Последующую часть разговора, касающуюся одежд Децкого, излагать, видимо, не стоит: читателю известно, что серый костюм и шляпу вор нашел в прихожей; важно только отметить, это отметил себе и Сенькевич, что снимать рабочий костюм в прихожей и одеваться здесь в шлафрок было правилом Децкого, о котором знали все близкие дому люди. Вообще, из вопросов, завершавших беседу, существенным оказался один: о назначении вклада.
— Почему Юрий Иванович клал деньги на книжку, но никогда не снимал? спросил Сенькевич.
— Ну, острой нехватки не было, — объяснила Децкая. — И потом Юра относил в кассу деньги редко, раза два в год, не чаще, когда приходили крупные суммы — тринадцатая или оплата за рацпредложение. Этот вклад мы решили для Саши — на свадьбу, чтобы начинал жизнь не с нуля, как нам пришлось.
До Сашиной свадьбы оставалось никак не меньше десяти лет; Сенькевич прикинул, что за такой срок свадебный подарок обретет вес редкого состояния.
— Хорошо иметь заботливых родителей, — сказал он.
Децкая загородилась от сглаза:
— Вырос бы только толковым, а то, не дай бог, выйдет мот и гуляка.
— Родители бережливые, — заметил Сенькевич, — отчего же сыну стать иным.

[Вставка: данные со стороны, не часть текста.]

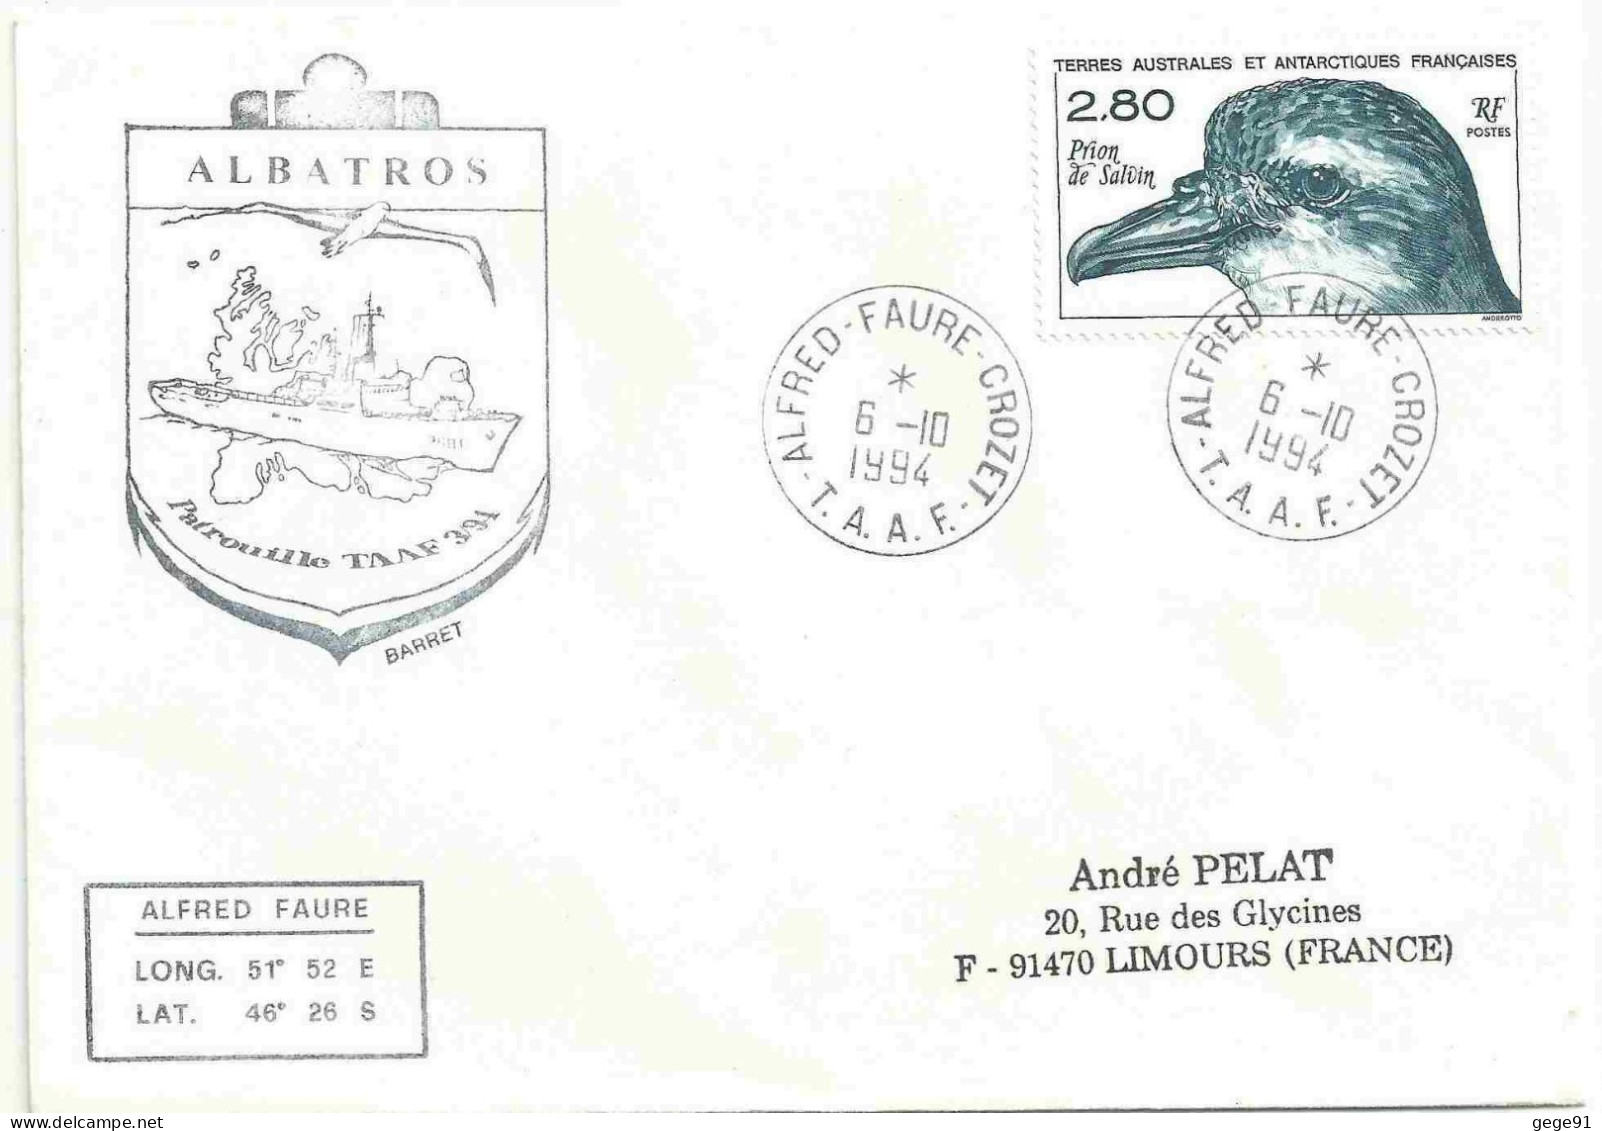 YT 189 Prion De Salvin - Posté à Bord De L'Albatros - Alfred Faure - Crozet - 06/10/1994 - Lettres & Documents

Программа посещения была выполнена; Сенькевич отправился домой. В троллейбусе ему повезло даже сесть. Под мерный бег машины он думал о том, кого потребуется включить в круг подозреваемых, и об условиях, которым подозреваемые лица должны соответствовать. Условий таких он, загибая пальцы, насчитал шесть. Вор обязан был знать, что Децкий держит на книжке крупный вклад, что пополняет его редко и потому лицо его в сберкассе не примелькалось. Имели значение и внешние данные: раз он воспользовался костюмом Децкого, а в этом убеждало свидетельство кассирши, то он приблизительно равен Децкому статью. Еще для той точной работы, какую произвел вор, ему требовался доступ или, как меньшее, какой-либо подступ к ключам, а такая доступность ключей полагала прямую близость вора к семье Децких — к мужу или к жене. Тут невольно возникало подозрение: не имеет ли Ванда Геннадьевна любовника, какого-нибудь шалопая, способного отплатить за добро злом, за любовь — гадостью. Само собой напрашивалось высказанное Децким подозрение на контролершу сберкассы. Каким-то образом, а каким, Сенькевич еще не видел, придется проверять ее знакомства и знакомства других работников кассы, и вообще всех, кто знал о вкладе и мог содействовать преступлению, если не лично, сознательно, то случайной болтовней о богатом вкладчике, неизвестном в лицо по причине редких явлений, который не снимает, а копит. Огромный объем и кропотливость предстоящей работы вызвали у Сенькевича тоску, и он пожалел, что сам, собственным порывом взял на себя это грозившее быть долгим и изнурительным расследование.
Но по выработанной привычке не приносить в дом служебные неприятности Сенькевич, сойдя на своей остановке, отключился от следственных раздумий и пошел домой с радостным чувством встречи с дочкой, женой, свободного вечера, приятных семейных дел.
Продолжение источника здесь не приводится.